Print the records below verbatim.

(Items from a dataset)
-----
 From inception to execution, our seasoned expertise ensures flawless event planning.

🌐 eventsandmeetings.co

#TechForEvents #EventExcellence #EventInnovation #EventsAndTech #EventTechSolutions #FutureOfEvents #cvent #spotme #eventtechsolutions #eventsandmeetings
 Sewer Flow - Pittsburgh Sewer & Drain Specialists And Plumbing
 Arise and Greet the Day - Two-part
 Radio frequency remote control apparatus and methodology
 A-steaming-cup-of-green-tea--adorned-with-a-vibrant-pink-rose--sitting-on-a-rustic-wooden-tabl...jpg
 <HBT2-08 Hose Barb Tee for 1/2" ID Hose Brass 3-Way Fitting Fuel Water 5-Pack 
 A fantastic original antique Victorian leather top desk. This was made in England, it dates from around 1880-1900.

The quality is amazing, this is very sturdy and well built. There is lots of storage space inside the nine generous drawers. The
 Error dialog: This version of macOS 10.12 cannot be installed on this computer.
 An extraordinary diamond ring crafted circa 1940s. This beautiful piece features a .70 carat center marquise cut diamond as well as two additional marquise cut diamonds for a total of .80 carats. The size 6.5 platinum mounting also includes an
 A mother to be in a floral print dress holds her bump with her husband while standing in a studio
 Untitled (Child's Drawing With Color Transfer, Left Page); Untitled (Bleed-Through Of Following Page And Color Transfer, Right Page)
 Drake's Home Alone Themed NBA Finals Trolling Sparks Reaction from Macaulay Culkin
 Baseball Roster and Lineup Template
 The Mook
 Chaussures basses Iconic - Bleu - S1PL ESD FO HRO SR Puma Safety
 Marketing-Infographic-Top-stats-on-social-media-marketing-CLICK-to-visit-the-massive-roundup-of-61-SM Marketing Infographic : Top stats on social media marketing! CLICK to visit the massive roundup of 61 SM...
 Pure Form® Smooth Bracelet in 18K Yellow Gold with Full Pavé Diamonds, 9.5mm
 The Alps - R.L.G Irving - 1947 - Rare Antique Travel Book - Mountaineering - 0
-----
EXERCISE RESULT -
 From inception to execution, our seasoned expertise ensures flawless event planning.

🌐 eventsandmeetings.co

#TechForEvents #EventExcellence #EventInnovation #EventsAndTech #EventTechSolutions #FutureOfEvents #cvent #spotme #eventtechsolutions #eventsandmeetings
 Sewer Flow - Pittsburgh Sewer & Drain Specialists And Plumbing
 Arise and Greet the Day - Two-part
 Radio frequency remote control apparatus and methodology
 A-steaming-cup-of-green-tea--adorned-with-a-vibrant-pink-rose--sitting-on-a-rustic-wooden-tabl...jpg
 <HBT2-08 Hose Barb Tee for 1/2" ID Hose Brass 3-Way Fitting Fuel Water 5-Pack 
 A fantastic original antique Victorian leather top desk. This was made in England, it dates from around 1880-1900.

The quality is amazing, this is very sturdy and well built. There is lots of storage space inside the nine generous drawers. The
 Error dialog: This version of macOS 10.12 cannot be installed on this computer.
 An extraordinary diamond ring crafted circa 1940s. This beautiful piece features a .70 carat center marquise cut diamond as well as two additional marquise cut diamonds for a total of .80 carats. The size 6.5 platinum mounting also includes an
 A mother to be in a floral print dress holds her bump with her husband while standing in a studio
 Untitled (Child's Drawing With Color Transfer, Left Page); Untitled (Bleed-Through Of Following Page And Color Transfer, Right Page)
 Drake's Home Alone Themed NBA Finals Trolling Sparks Reaction from Macaulay Culkin
 Baseball Roster and Lineup Template
 The Mook
 Chaussures basses Iconic - Bleu - S1PL ESD FO HRO SR Puma Safety
 Marketing-Infographic-Top-stats-on-social-media-marketing-CLICK-to-visit-the-massive-roundup-of-61-SM Marketing Infographic : Top stats on social media marketing! CLICK to visit the massive roundup of 61 SM...
 Pure Form® Smooth Bracelet in 18K Yellow Gold with Full Pavé Diamonds, 9.5mm
 The Alps - R.L.G Irving - 1947 - Rare Antique Travel Book - Mountaineering - 0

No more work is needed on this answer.